*Data*
[Start of Attachment]

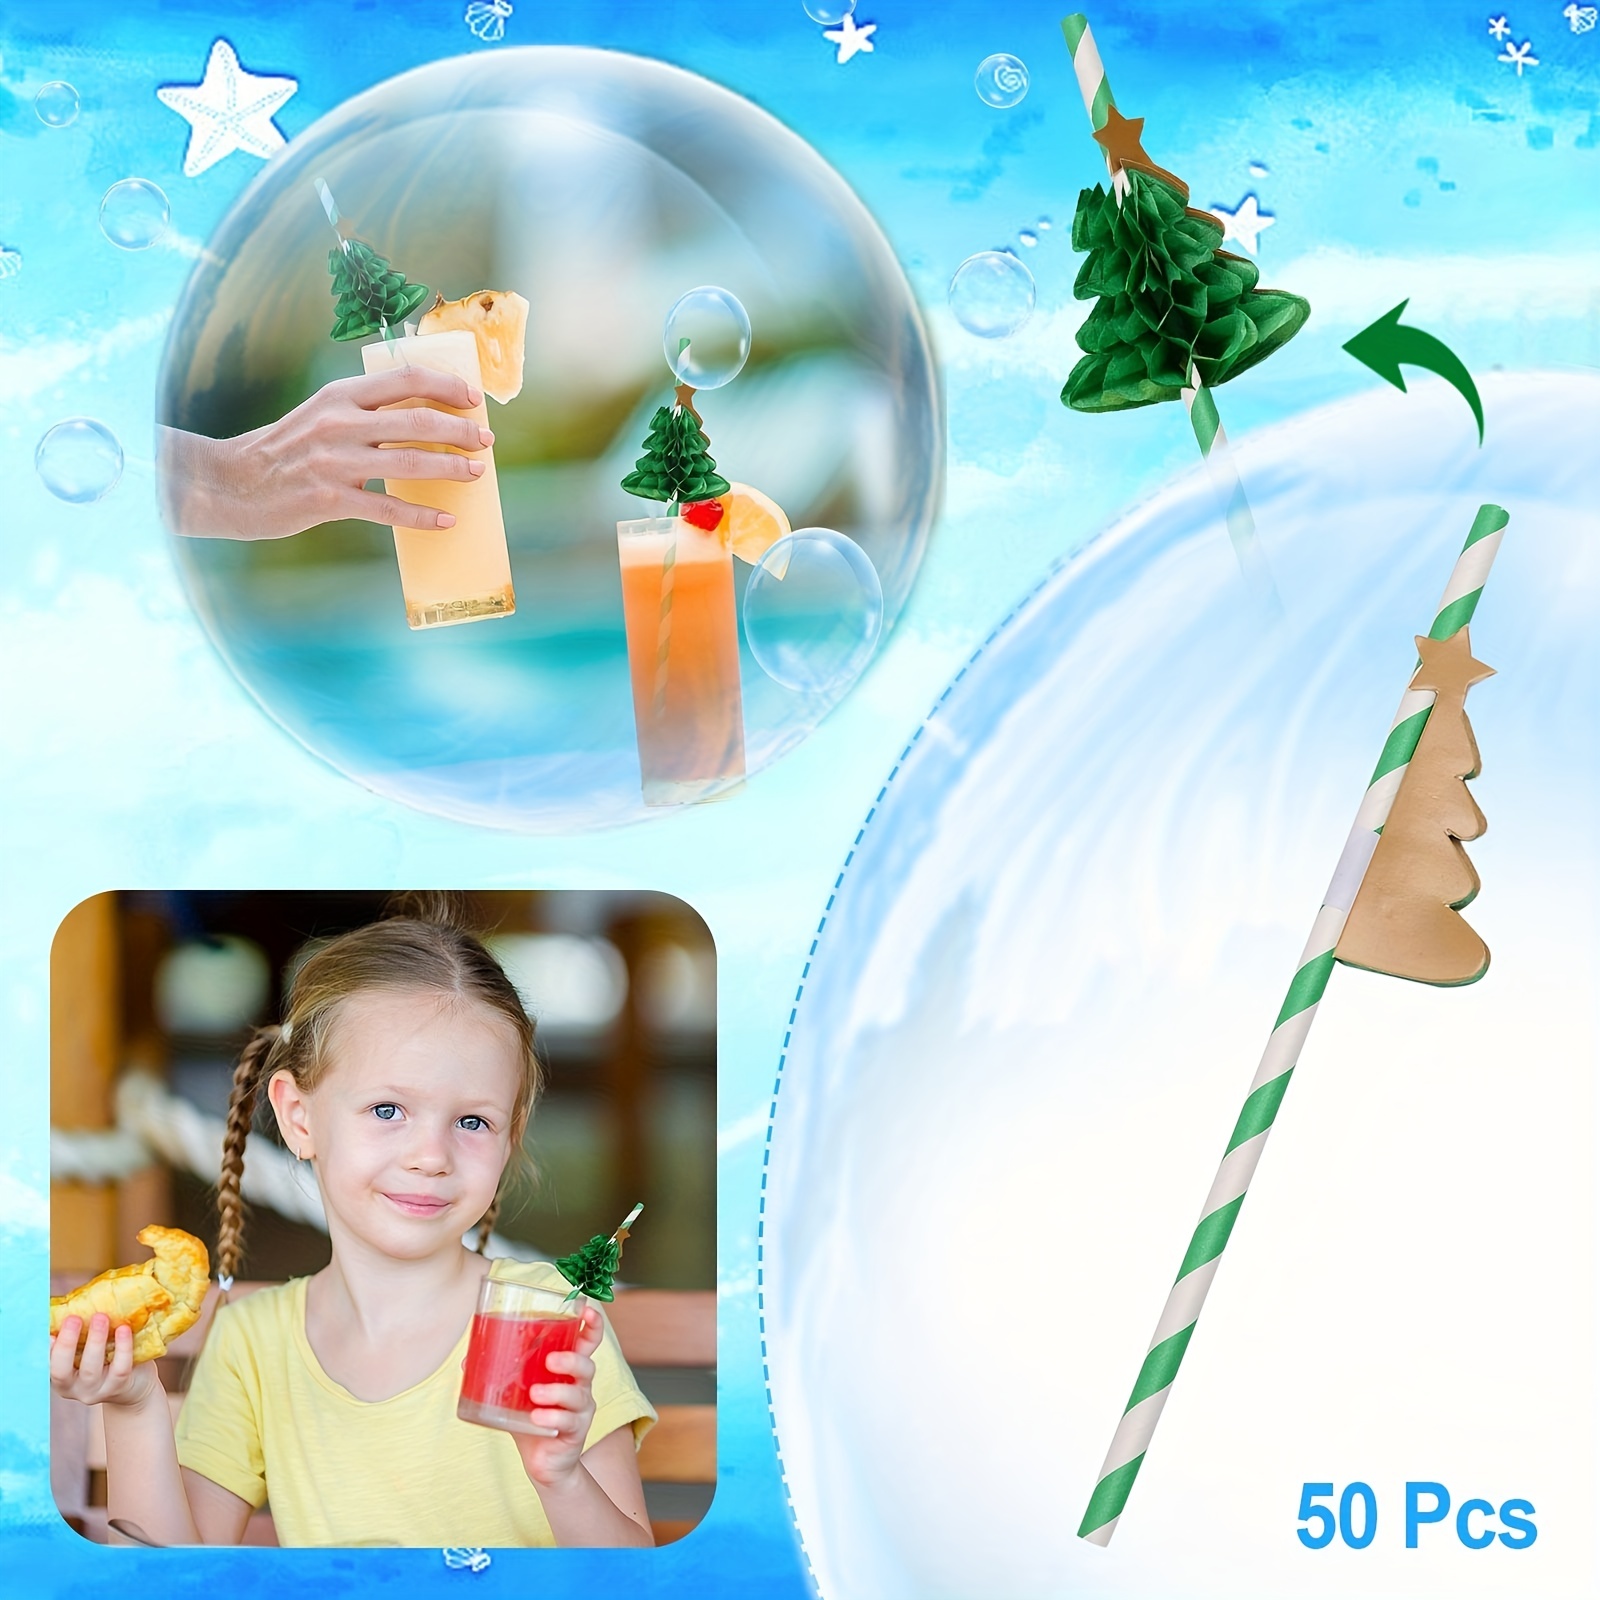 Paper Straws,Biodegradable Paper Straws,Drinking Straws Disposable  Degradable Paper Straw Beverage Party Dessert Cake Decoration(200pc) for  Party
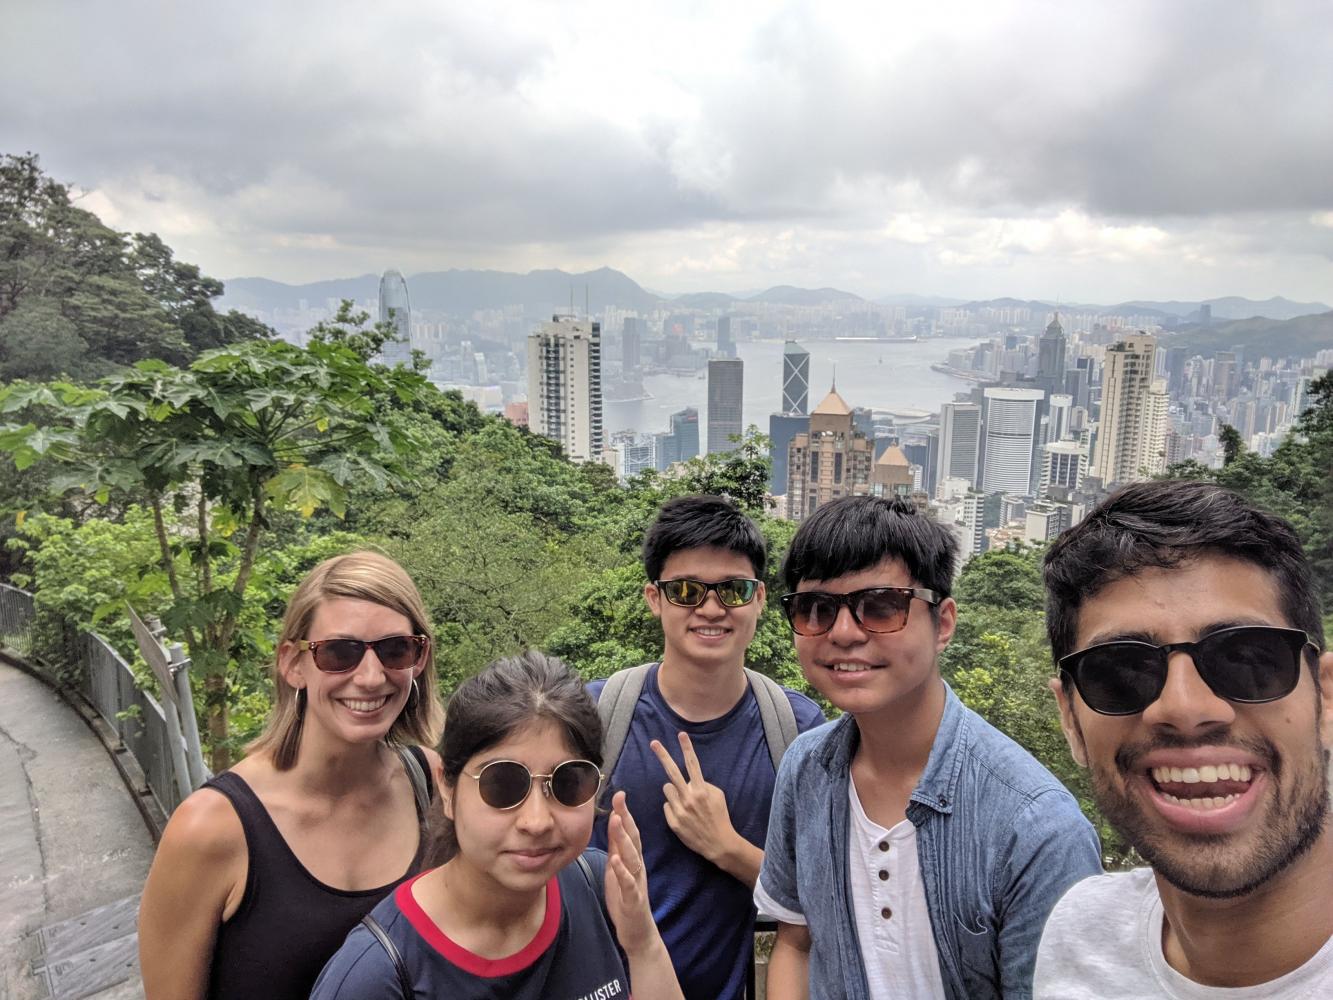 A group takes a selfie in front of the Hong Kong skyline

[End of Attachment]
[Start of Attachment]

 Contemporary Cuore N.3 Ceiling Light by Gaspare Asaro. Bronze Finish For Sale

[End of Attachment]

*About this exercise*
Though the entries above contain pictures, none should be copied; reproduce only the lines between the one holding "Paper Straws,Biodegradable Paper" and the one holding "A group takes", inclusive, exactly as written.

*Result of this exercise*
 Paper Straws,Biodegradable Paper Straws,Drinking Straws Disposable  Degradable Paper Straw Beverage Party Dessert Cake Decoration(200pc) for  Party
 A group takes a selfie in front of the Hong Kong skyline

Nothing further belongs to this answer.